While these anonymous observations are collected innocently for no apparent reason, other than what it shows me about the curious nature of humanity, there’s a distinct difference in documenting lives of people we know, people we support, people we provide services to more intimately. 
One of the more challenging conversations we’ve had at Starfire over the past year is the importance of storytelling and the delicate line we must tow in telling someone else’s story. The question of “who holds your story” tugs at me and is especially important for nonprofits to consider.  Are we crafting people’s stories to fit our own purpose? How do we, as nonprofit leaders, as social media marketers, as fundraisers and donor relations professionals and grant writers, as public relations professionals, share a story that is honest and truthful and respectful and genuine?  How do we tell the truth of the matter, give real life context, without violating the depths of someone’s personal experience with trauma or pain? 

Furthermore, should the holder of someone’s story be a human service organization? Is a family’s story held sacred when it’s also needed for grant reports and to leveraging funding? Where is the line? How do we know if we’ve crossed it? 
Starfire uses “a secure online database powered by University of Cincinnati Center for Clinical & Translational Science and Training” to document and measure the outcomes of our work. That’s how we put it in grants. Of course, this is important to do: is what we say we are doing getting done?  Are people with disabilities becoming more connected to the community?  Are people with disabilities finding jobs? Are creative projects being launched?  Are we taking people with developmental disabilities lives seriously with our time together?  But there’s also the real story of our work that documentation simply cannot tell. Things like: spontaneity, intentionality, beauty and creativity. Or the opposite – intolerable experiences like getting tangled up in “service snafus” or emergency respite or litigation. 

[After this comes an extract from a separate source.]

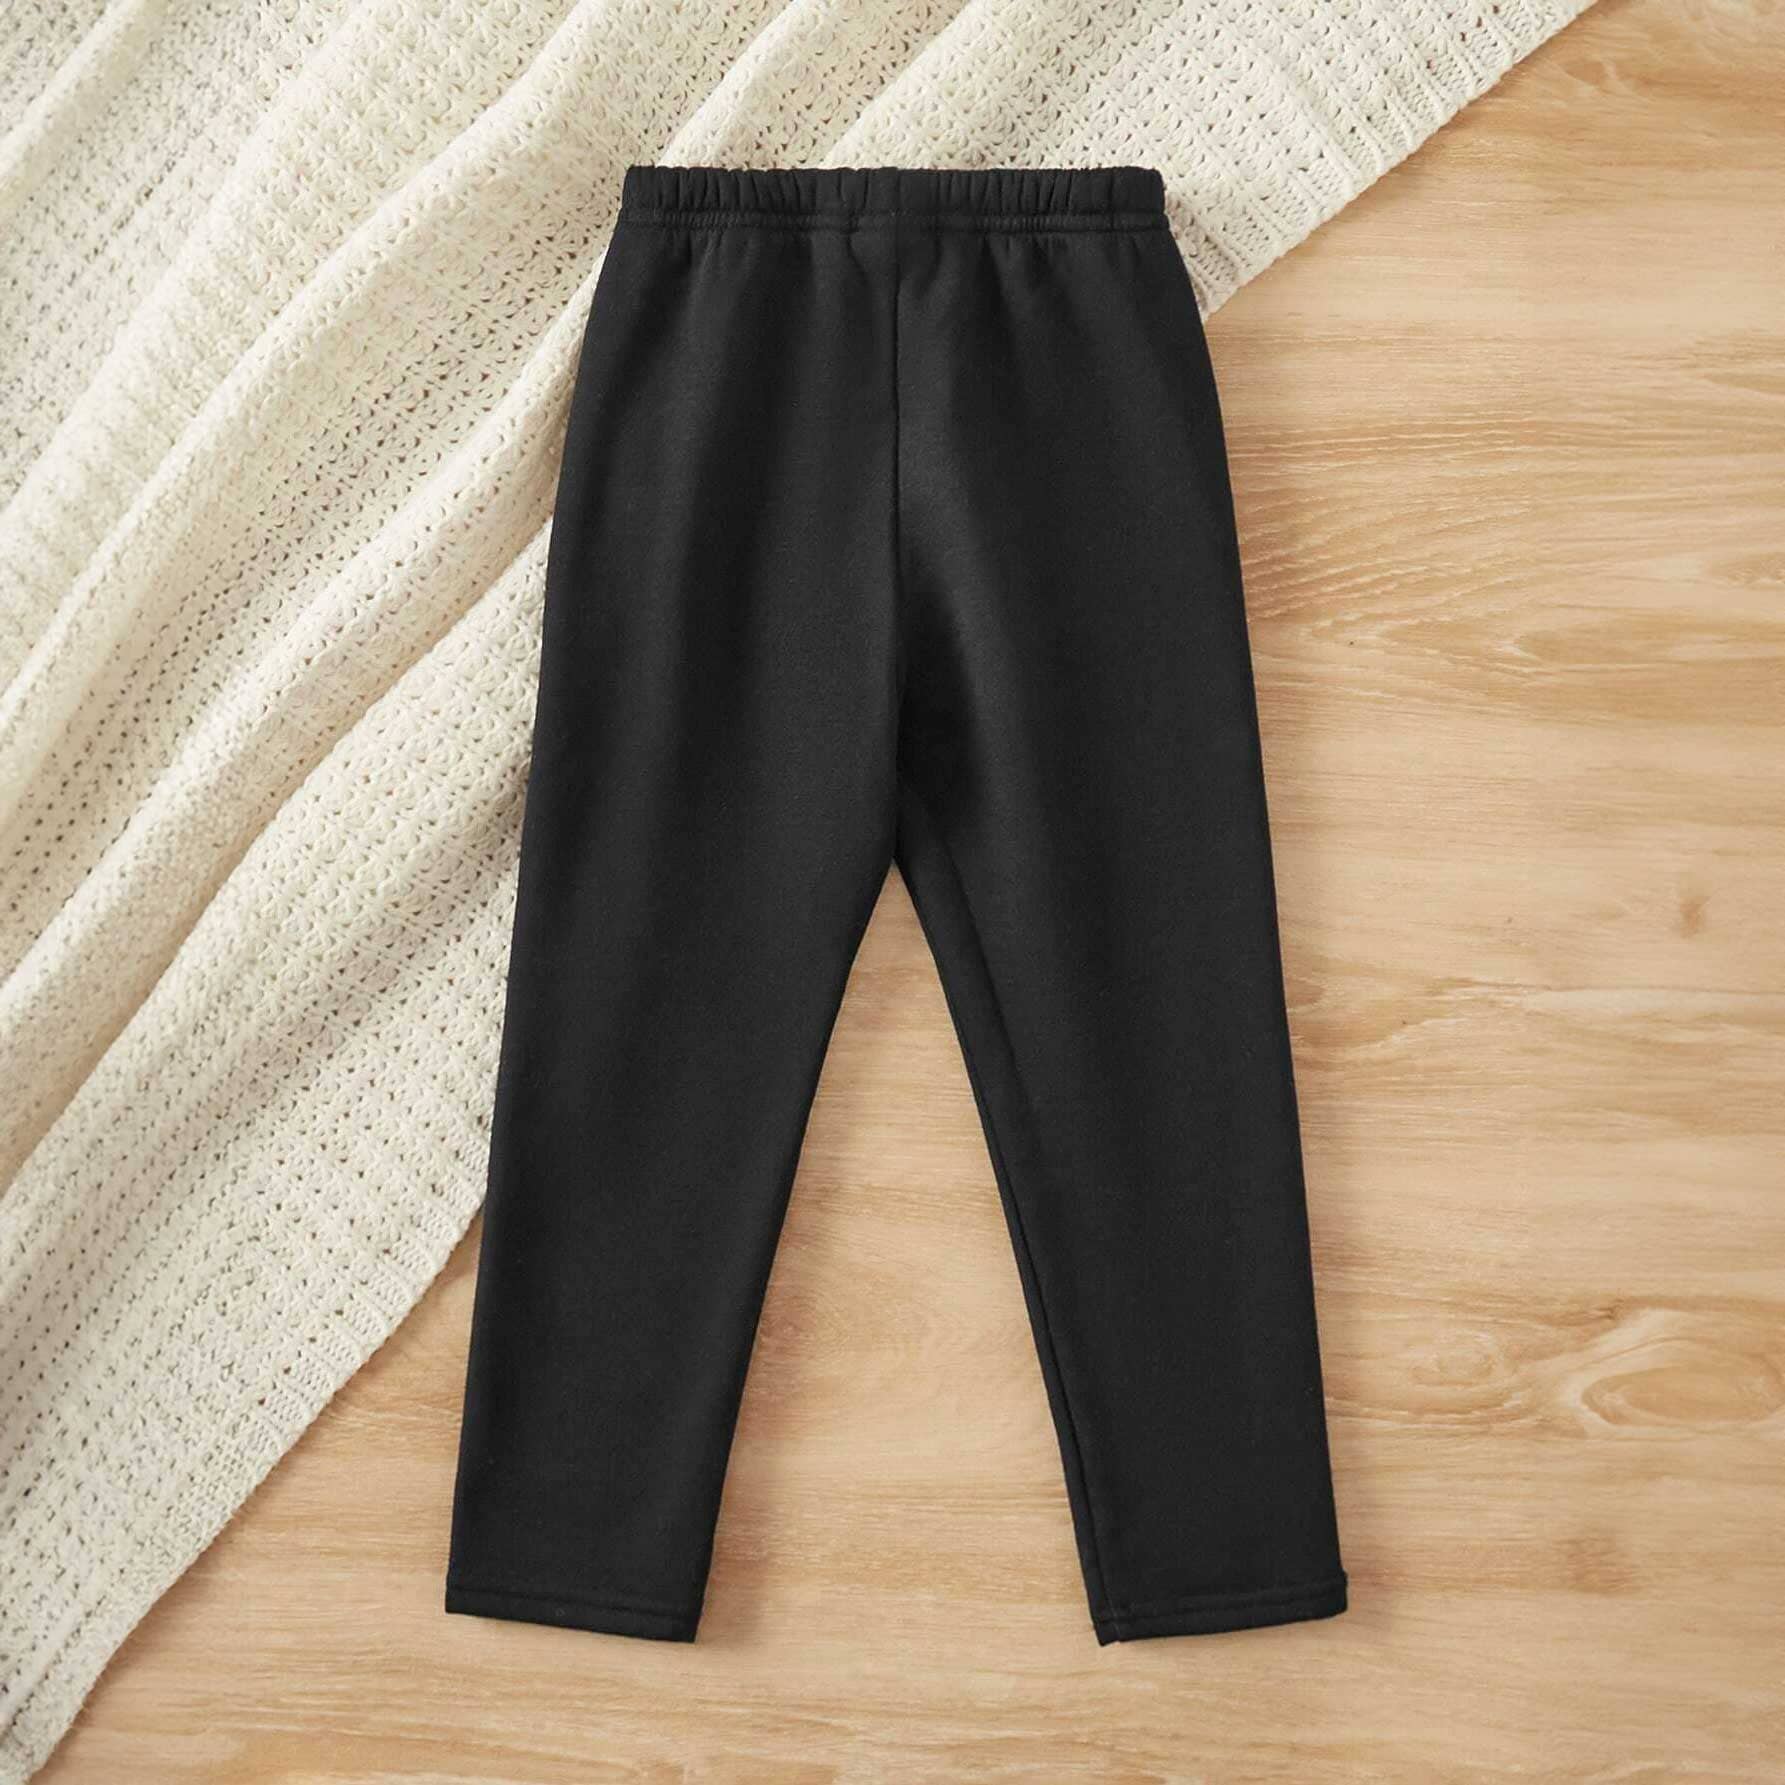 Bunbury Kid's Thermal Base Layer Trousers Boy's Trousers RAM Black 18 (1-2 Years) 
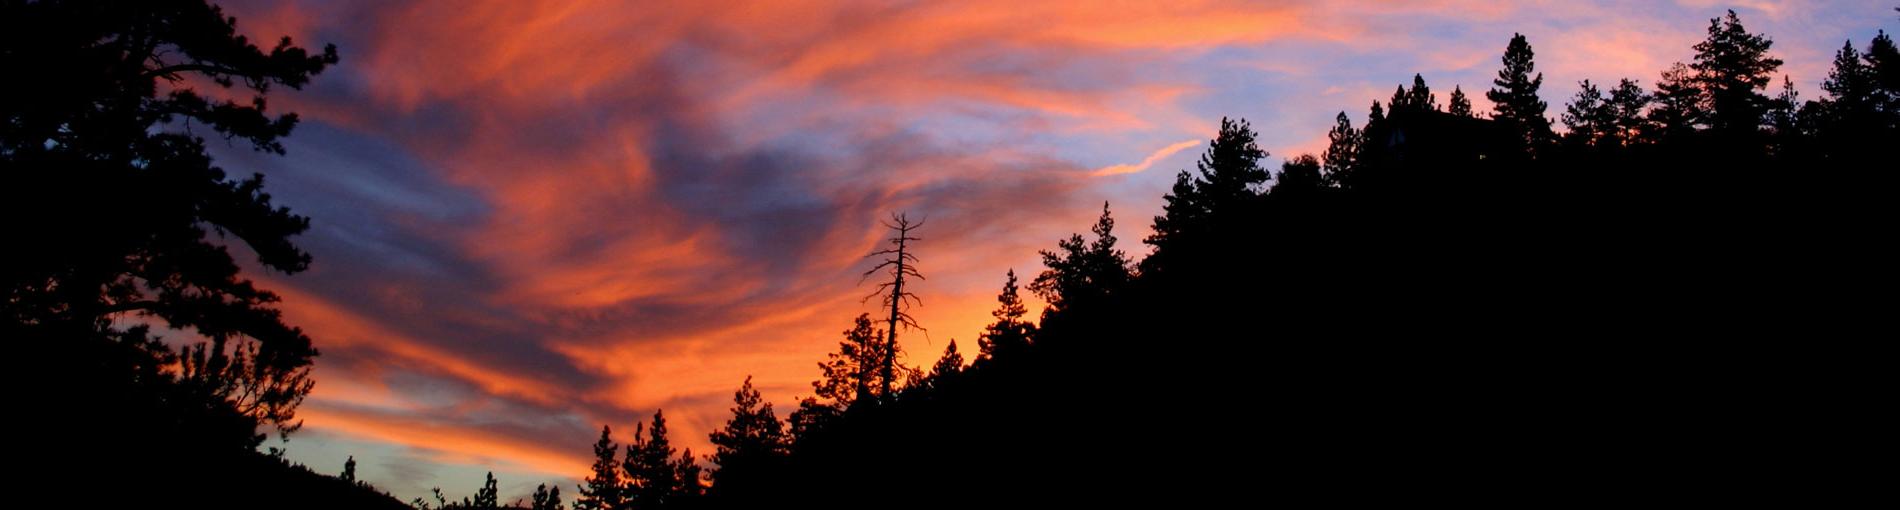 Sunset at Pine Mountain Club - Photo By Richard Benjamin

Internally we wrestle with how to share this work – the behind the scenes work of Community Builders, the brave first steps in creating a project, and the new work of supporting families leading creative projects in their own communities. We send emails and newsletters and produce Annual Reports, produce videoslead trainings, launch podcasts, and write blogs. We make a commitment each time: to honor each person’s story truthfully, delicately, and with the expressed permission and participation of those sharing their lives with us. Because these stories don’t belong to Starfire. Sure, our fingerprints are all over the scene, but they aren’t stories that we as a nonprofit organization can hold. These stories are held by people – as ordinary as you and I, stories that are held by moms and dads and brothers and sisters, coworkers, neighbors and friends. A snapshot in time celebrating the struggle of making something good, something more, happen together in the world.